O meu bisavô Manuel adorava histórias — as que ouvia na rádio, as que via no cineteatro e as que lhe chegavam através dos livros.

Nascido em 1901, era filho de um homem que transportava gado e que na transumância entre o Algarve e o Alentejo saiu um dia de casa para nunca mais voltar. Em Portimão, deixou uma mulher grávida e três filhos. A pobreza abateu-se sobre os ombros do primogénito, o meu bisavô Manuel, que com pouco mais de sete anos teve de assumir o papel de homem da casa: encarou o mar, foi trabalhar nos galeões e aprimorou a arte de remendar redes. Pagavam-lhe por dia sete tostões e um pão. Embora mais tarde se tenha feito um excelente e muito requisitado mestre de pesca, este homem, Nobre de nome, ficou para sempre marcado pela sua primeira profissão. O meu bisavô Manuel foi o Manel da Rede até morrer.

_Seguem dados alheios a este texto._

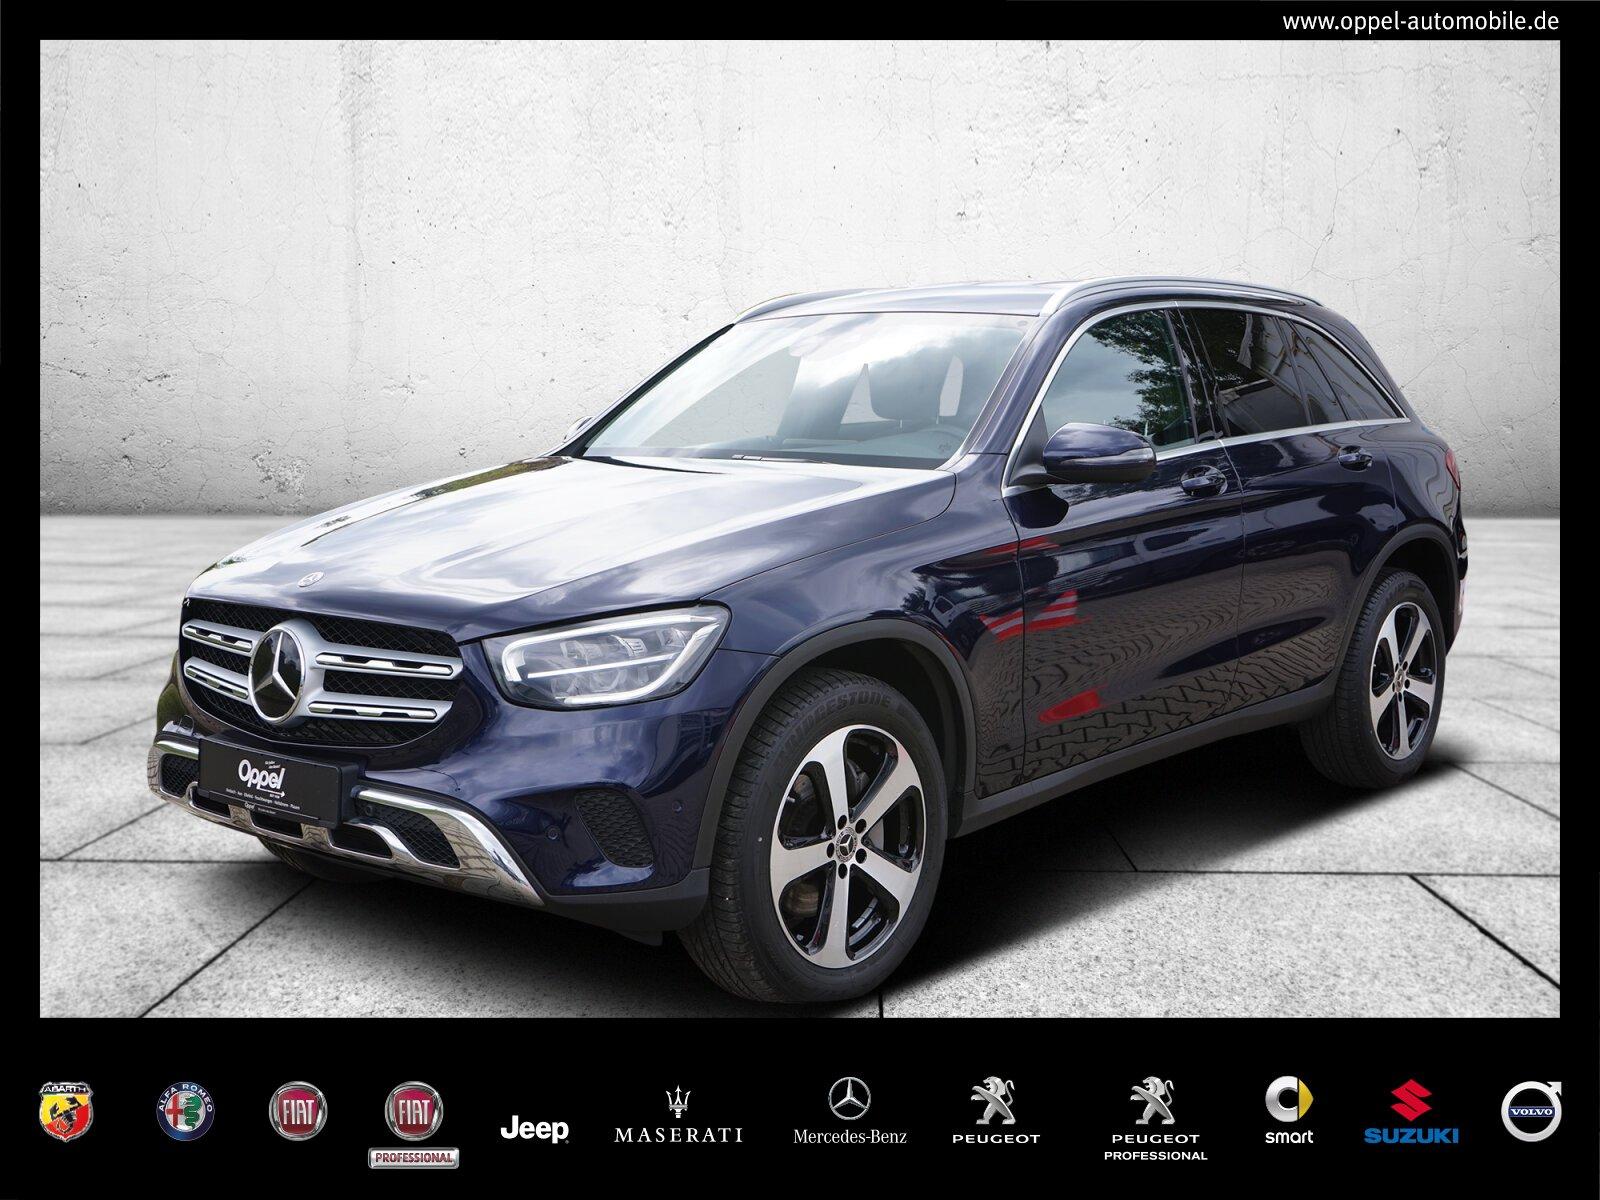 Mercedes-Benz GLC 300 d 4M DISTRONIC PLUS+AHK+KAMERA+NAVI+LED, Jahr 2020, Diesel

O meu bisavô Manuel tinha cerca de quarenta anos quando perdeu a mulher e foi consumir a viuvez para a casa da filha, a minha tia-avó Eufémia. Datam dessa fase os episódios mais conhecidos da sua vida, aqueles que o meu pai, as minhas tias e os meus primos contam com gosto, uma e outra vez, destacando as suas célebres variações de humor. Se o meu bisavô Manuel fosse hoje vivo, muito provavelmente algum médico já teria diagnosticado a sua bipolaridade.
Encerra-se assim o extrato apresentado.